Sunday, May 15, 2011

D-III: An Alum's Perspective

This weekend, 16 women's teams will descend upon Buffalo, NY for the USA Ultimate D-III College Championships. This is a huge milestone for college women's ultimate as two years ago, the D-III College Championships had only five women's teams in attendance.

Without Limits is working hard to expand our work to reach more of these teams. Half of the field this year attended one of our tournaments (as opposed to 100% of the teams at the D-I College Championships). We hope to serve these teams better moving forward and in the spirit of attempting to do so, we want to get these teams and athletes some of the recognition they deserve for all of the hard work they've put in this season.

We have a few D-III pieces planned for you this week, and to get things started, I asked my friend Hanna Liebl, an alum and former captain of the Grinnell College Sticky Tongue Frogs to write some thoughts about the changes to the college structure and their effect on her old team. Hanna has been a champion of college women's ultimate in the Midwest and an advocate for players at small schools. Check out what she has to say.


I graduated from college almost exactly a year ago on a Monday morning in Grinnell, Iowa. Just a day before, I was in Appleton, Wisconsin playing in the semifinals of the first-ever USA Ultimate-run Division III Nationals. That tournament was the highlight of my college ultimate career, and I still think it was a more fitting end to my time at Grinnell than walking across the stage to get my diploma. I’ve successfully gone through the stages of college ultimate withdrawal since then, and through it all, I’ve tried to keep up with the continued development of the division III college series.

I must admit, though, as an alumna living far away from Iowa and college ultimate in general, the changes were sometimes confusing. When I heard about how things would run in the north central region this year, these were my thoughts, “Wait…no more sectionals? A single tournament to determine who goes to nationals? Awesome!” I didn’t fully realize how much these changes had affected Grinnell until I went back for a visit after they had qualified for DIII nationals again.

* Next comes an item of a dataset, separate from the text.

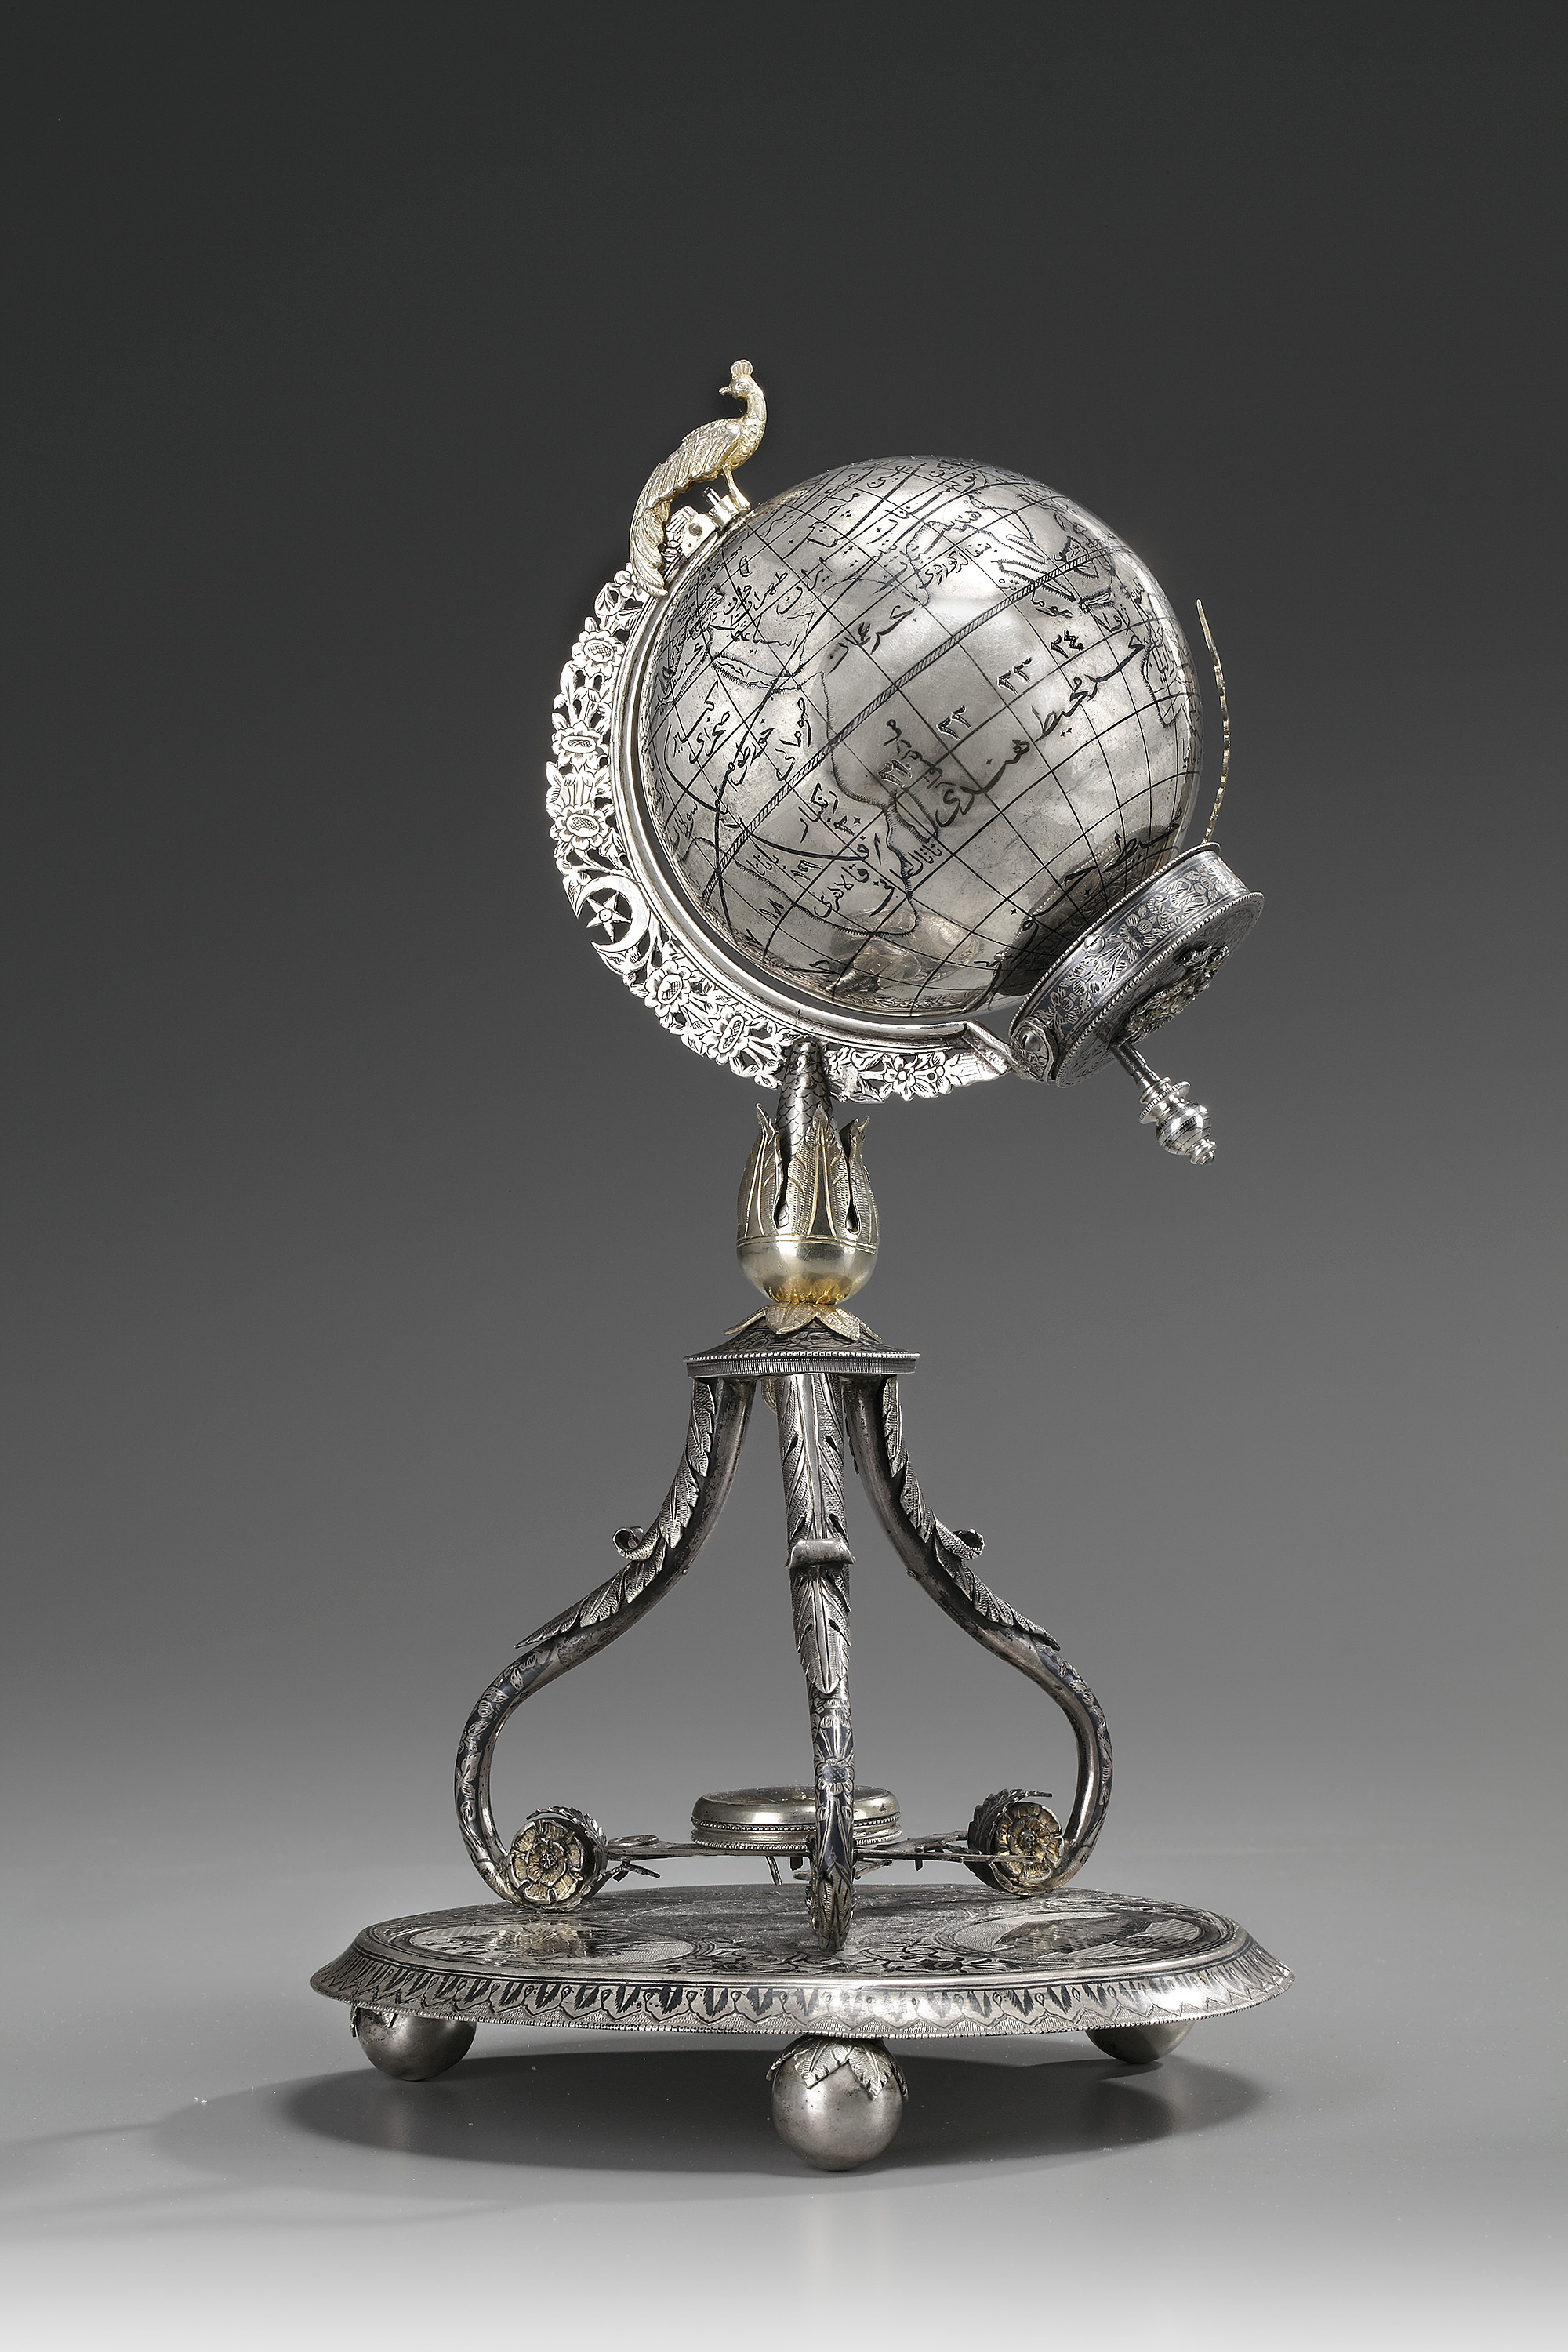 AN OTTOMAN SILVER, NIELLOED AND ENGRAVED GLOBE CLOCK BEARING THE TUGHRA OF SULTAN ABDULHAMID II TURK - Image 6 of 18

A lot of things were still the same— the practice field, the jerseys, the cheers, and many of the good friends I’d left behind a year ago, but when I cleated up and began running though the drills with my former teammates, I began to notice some changes. There were fewer turnovers than I remembered. Everyone had better throws. And when people did misthrow or dropped a disc, they ran sprints. During scrimmages, people would call out “OPP!” for one-possession point, and often they would accomplish that. I had to step up my game, and I was more self-conscious of the mistakes I made. Everyone was more serious and more focused. I saw the team lifting in the gym alongside the varsity football and track teams. They convinced me in the week I visited that they were definitely the best Grinnell team I had ever seen and played with.

I don’t want to give full credit for the improvements I saw to the new college structure, because that somehow takes away from the determination, planning, and sheer amount of hard work that goes into making a whole team better. I do think the new division III series does give additional motivation to teams like Grinnell, though, and that helps to explain their improvements. From what I heard and witnessed, playing in tournaments all spring and knowing certain opponents would be at conference gave tremendous incentive to train harder. Having one do-or-die conference weekend focused training efforts for the entire winter and spring. The whole season took on more structure than it had last year, when the ranking system and bids to division III nationals were handed out after a series aimed mostly at division I teams. The ranking algorithm alone, as useful as it was then and still is now for calculating bids in both DI and DIII, just doesn’t give the same sense of urgency or excitement that a finals or backdoor game-to-go does.

From my perspective, after the changes I’ve seen at Grinnell in only one year, this sense of urgency and excitement is just what division III teams need. It’s been fun (and, as any recent graduate will tell you, a little bittersweet) to get phone calls from old teammates describing the emotions of their first conference weekend, their first tournament where the bids to nationals are in reach for them, and winning one more game means extending their season by another couple of weeks. In the years to come, as the kinks with the new system get worked out, I can only imagine the divisional structure will mean more exciting weekends for lots of division III teams, and motivation and improvements that will last far beyond those two days.